◆ **Data**:
——————————
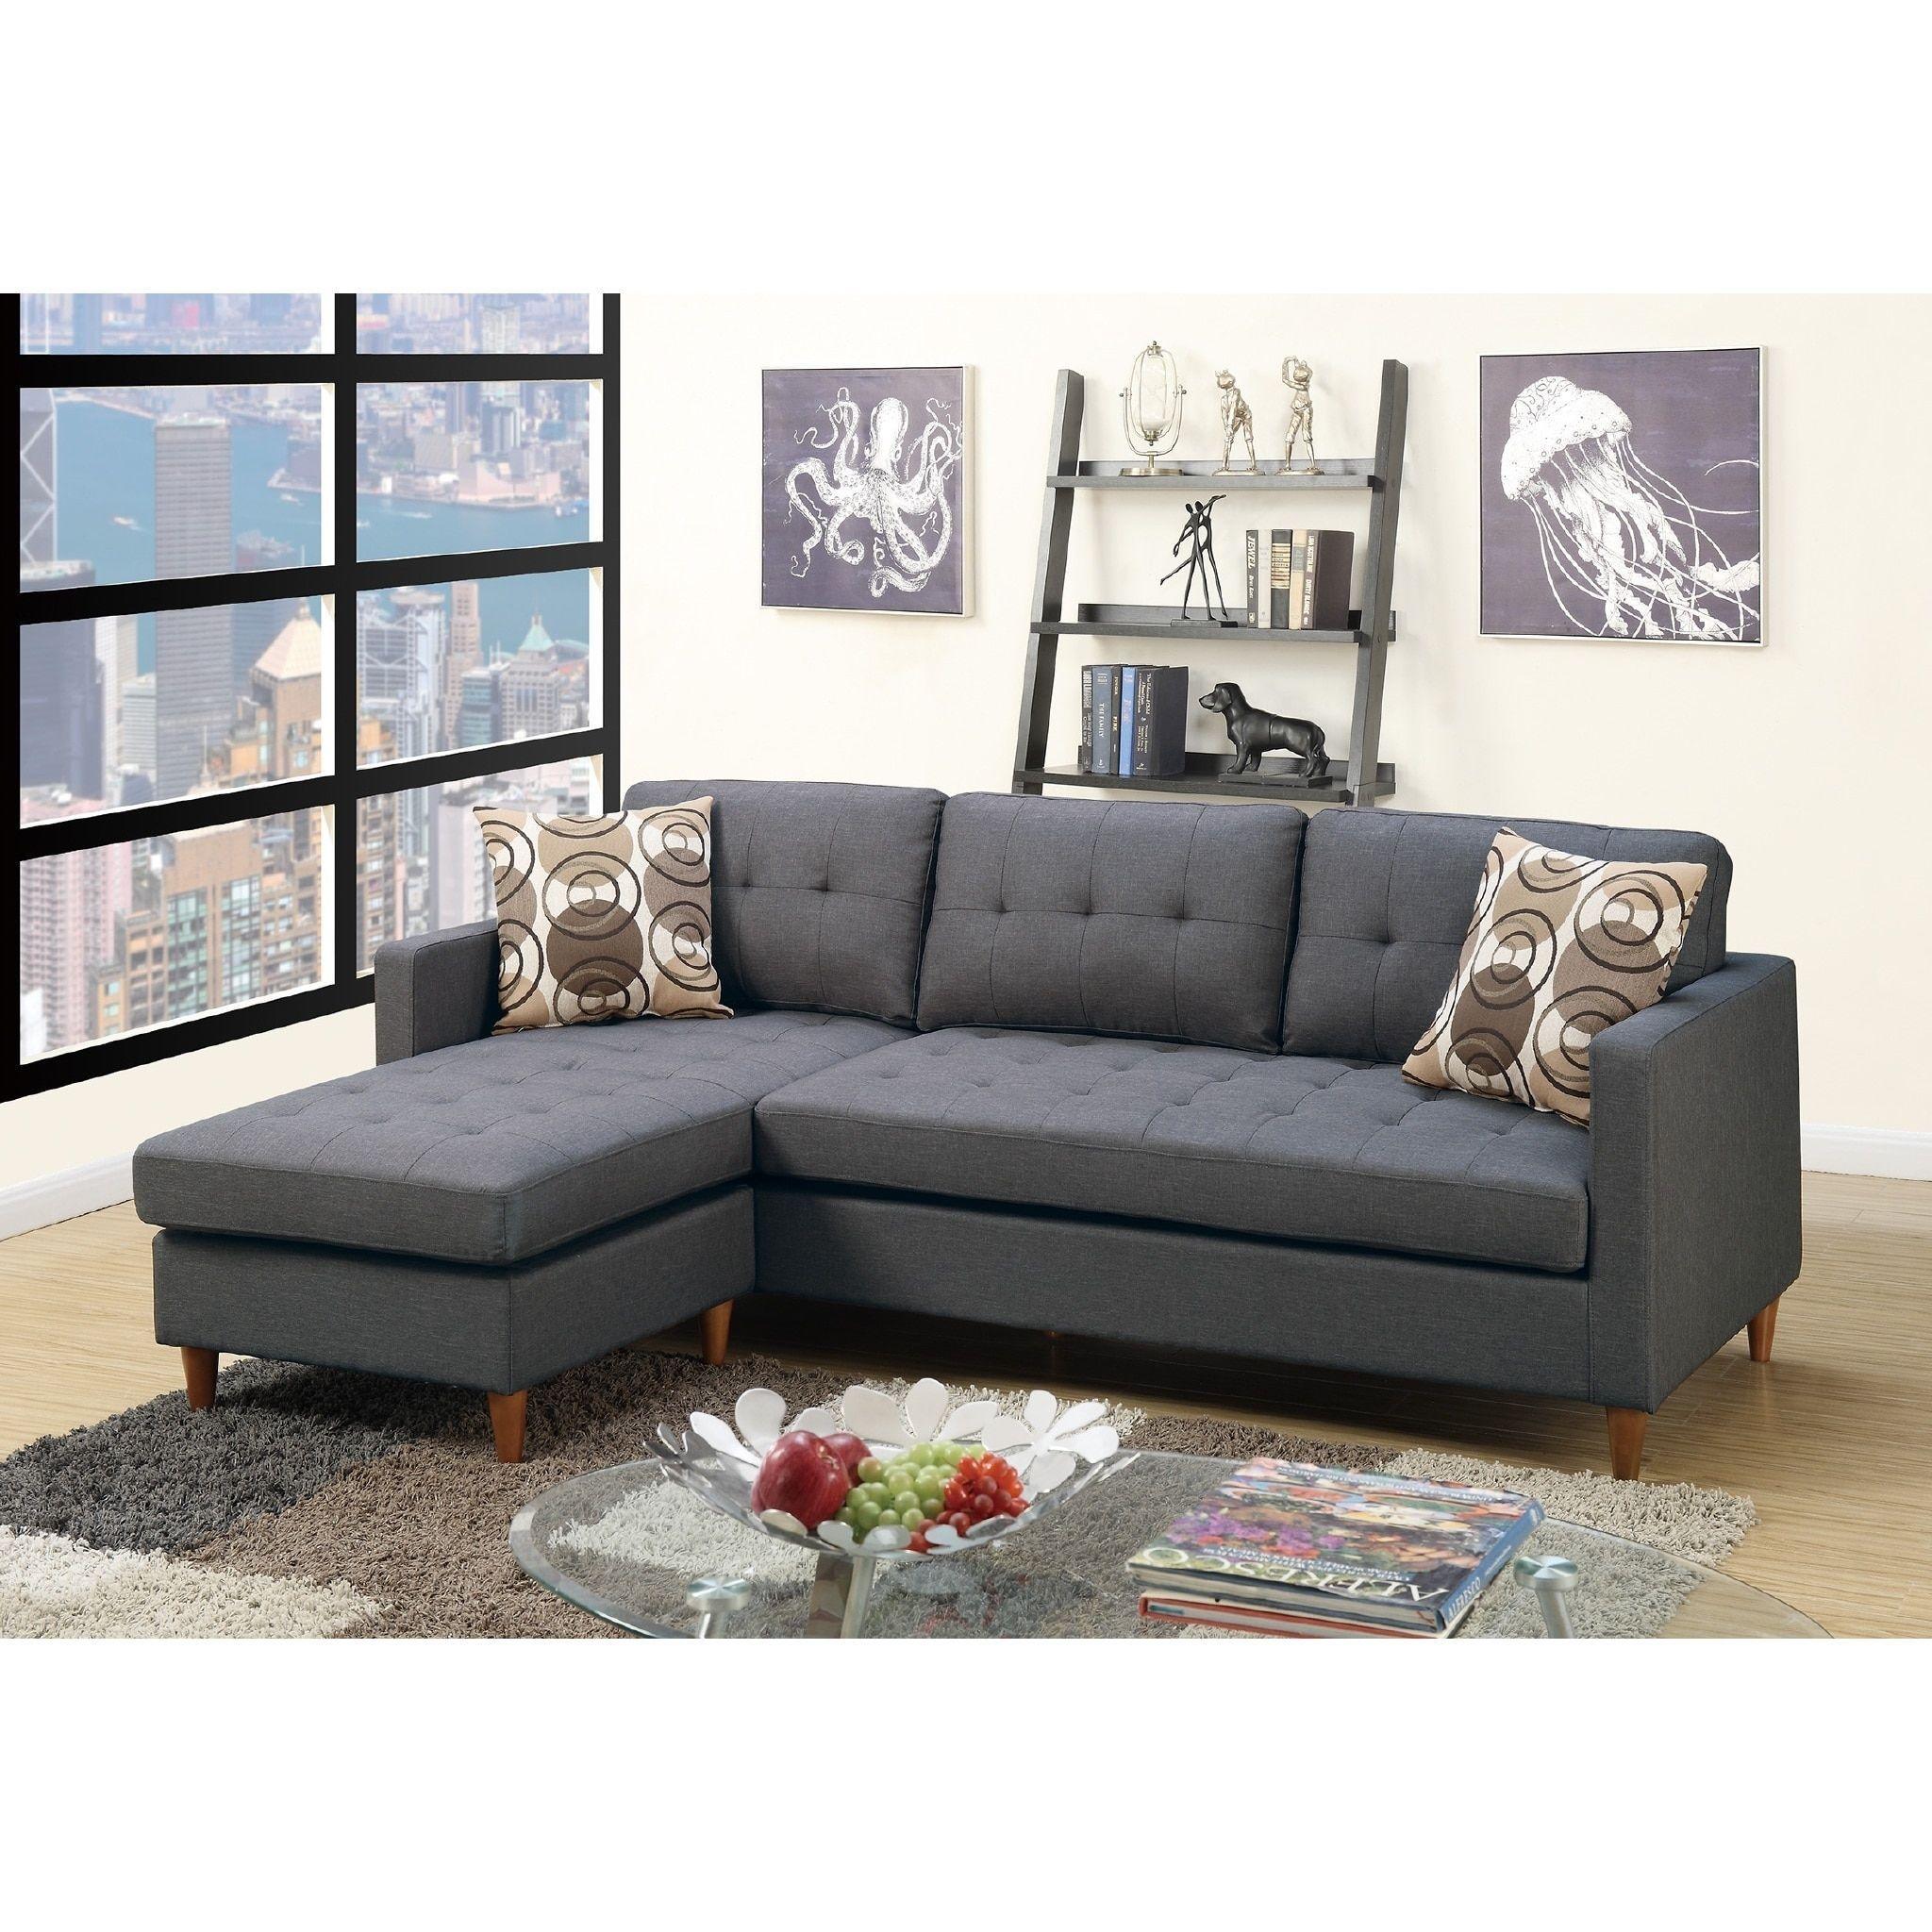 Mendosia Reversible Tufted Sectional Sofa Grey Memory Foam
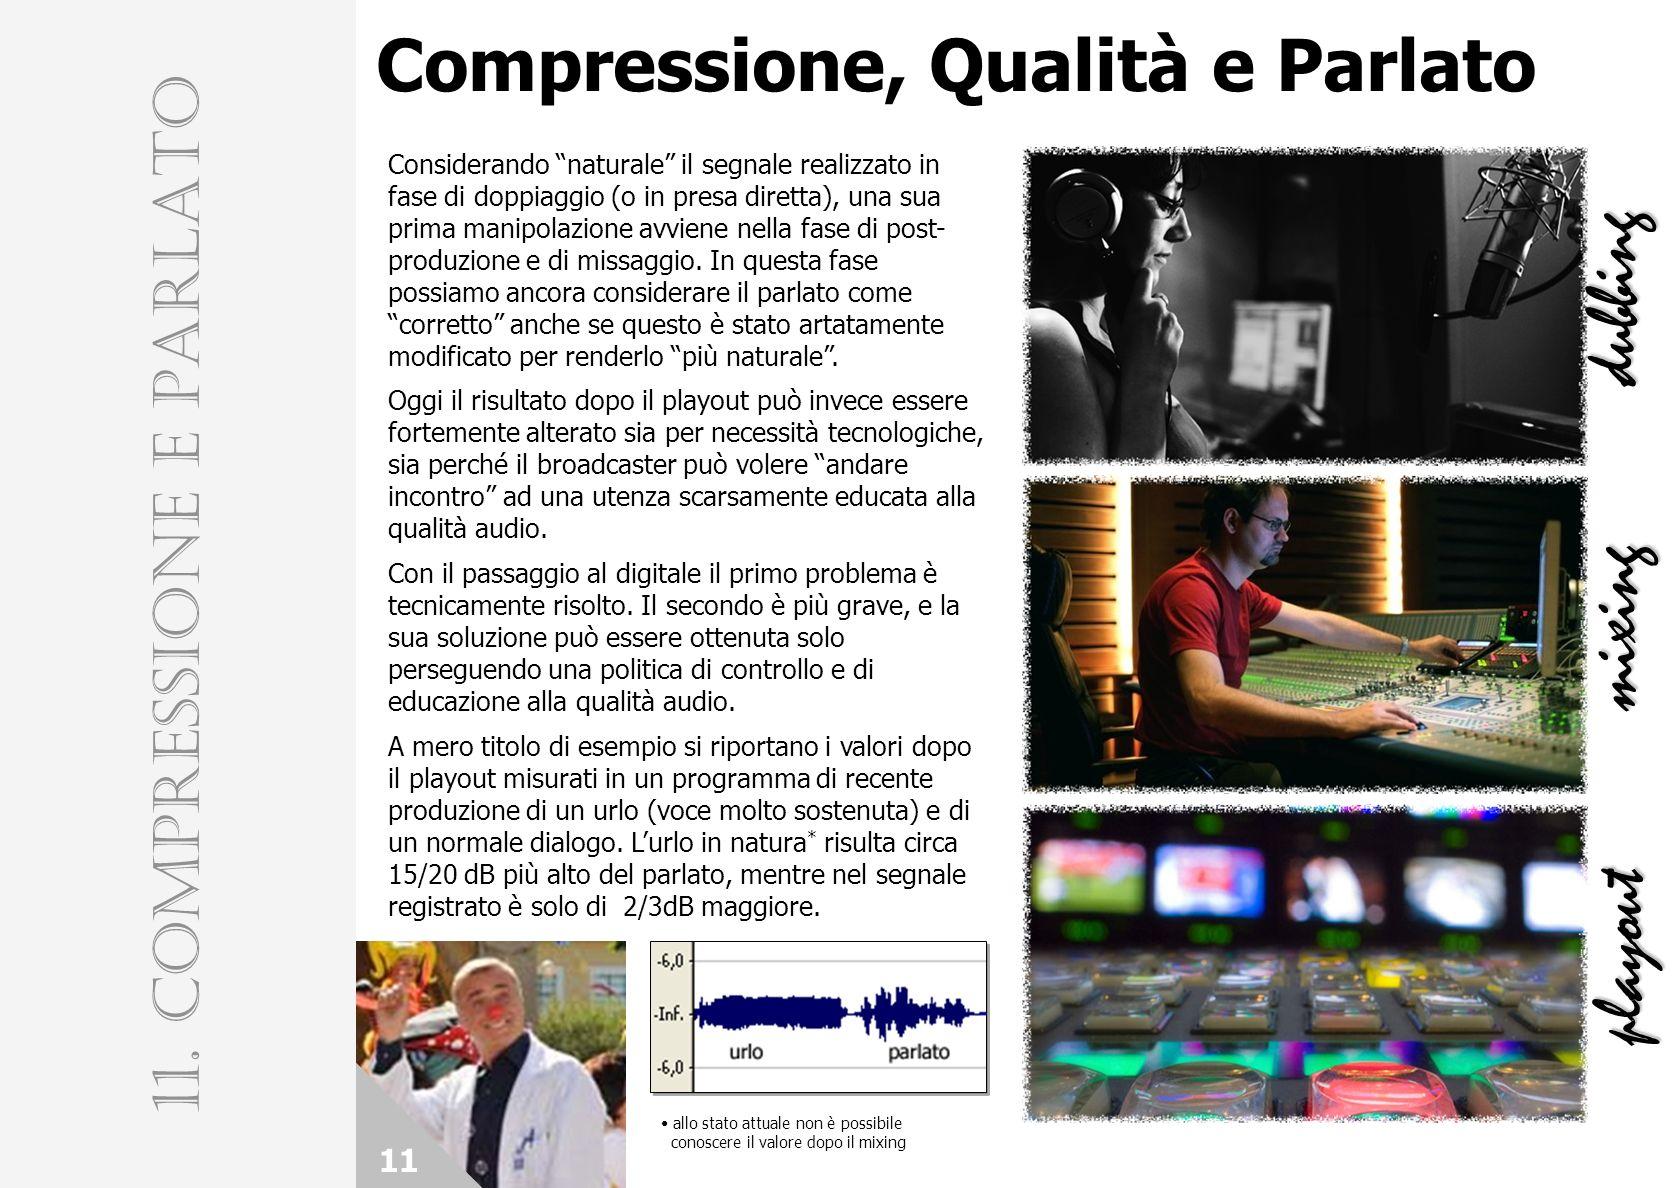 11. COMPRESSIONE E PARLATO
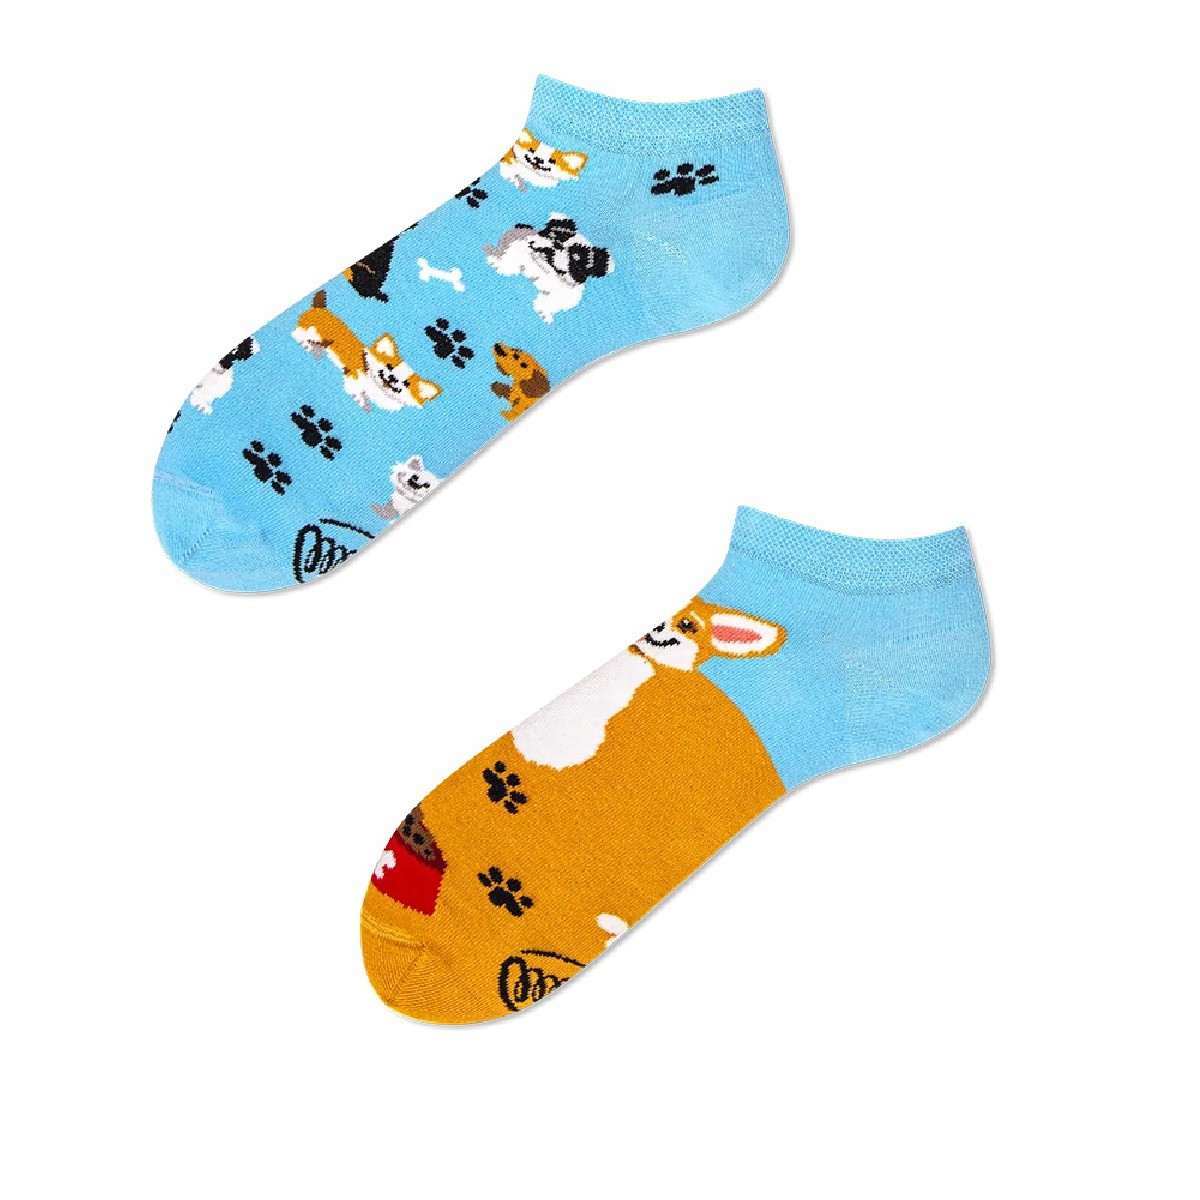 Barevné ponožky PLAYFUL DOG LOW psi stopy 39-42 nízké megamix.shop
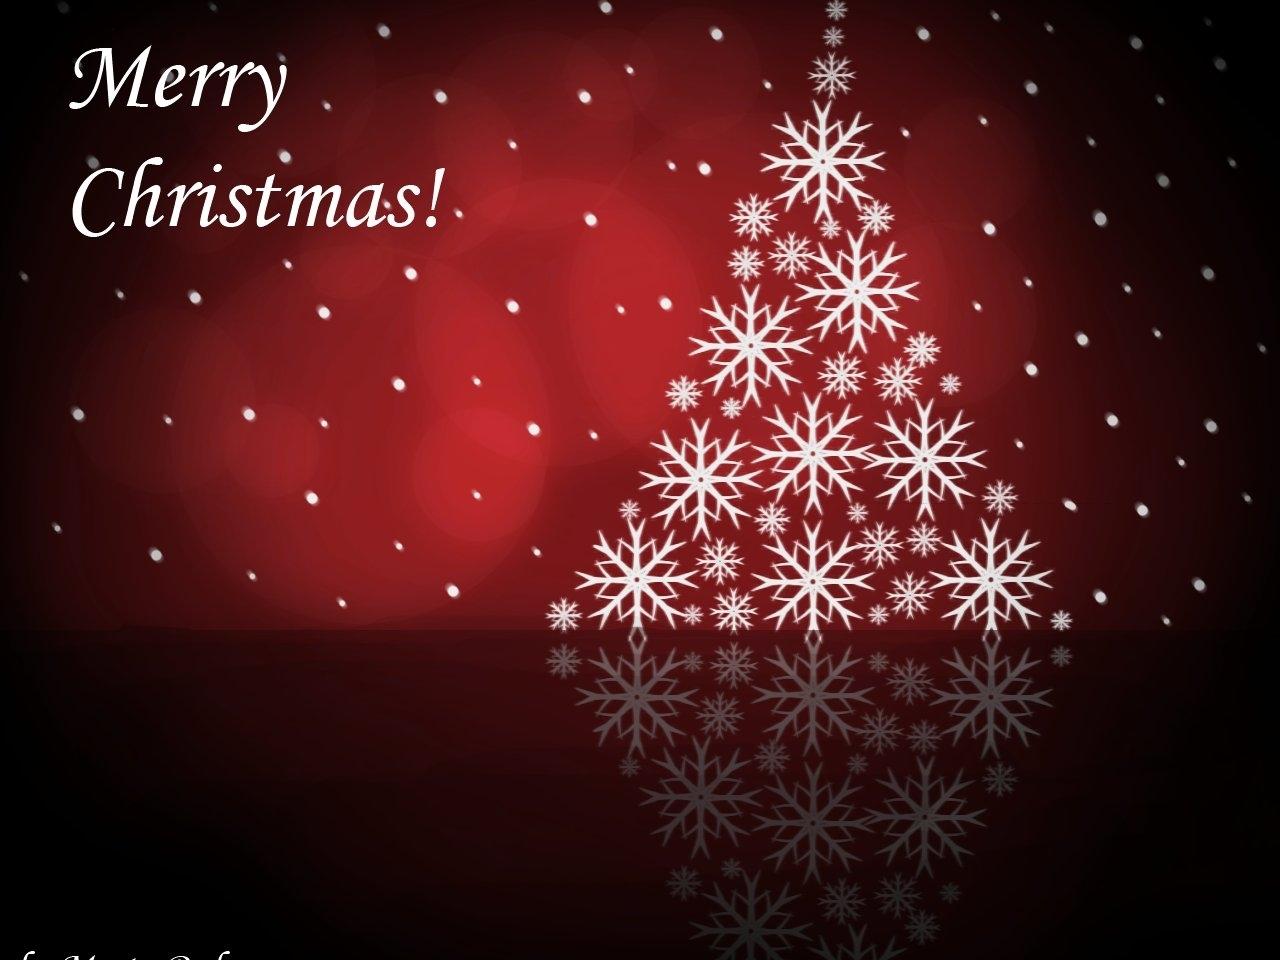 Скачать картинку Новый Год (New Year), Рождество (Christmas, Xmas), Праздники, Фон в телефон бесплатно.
——————————
◆ **What you will do**:
Return the data above unchanged. Pictures are not part of the copy.

◆ **Reply to the exercise**:
 Mendosia Reversible Tufted Sectional Sofa Grey Memory Foam
 11. COMPRESSIONE E PARLATO
 Barevné ponožky PLAYFUL DOG LOW psi stopy 39-42 nízké megamix.shop
 Скачать картинку Новый Год (New Year), Рождество (Christmas, Xmas), Праздники, Фон в телефон бесплатно.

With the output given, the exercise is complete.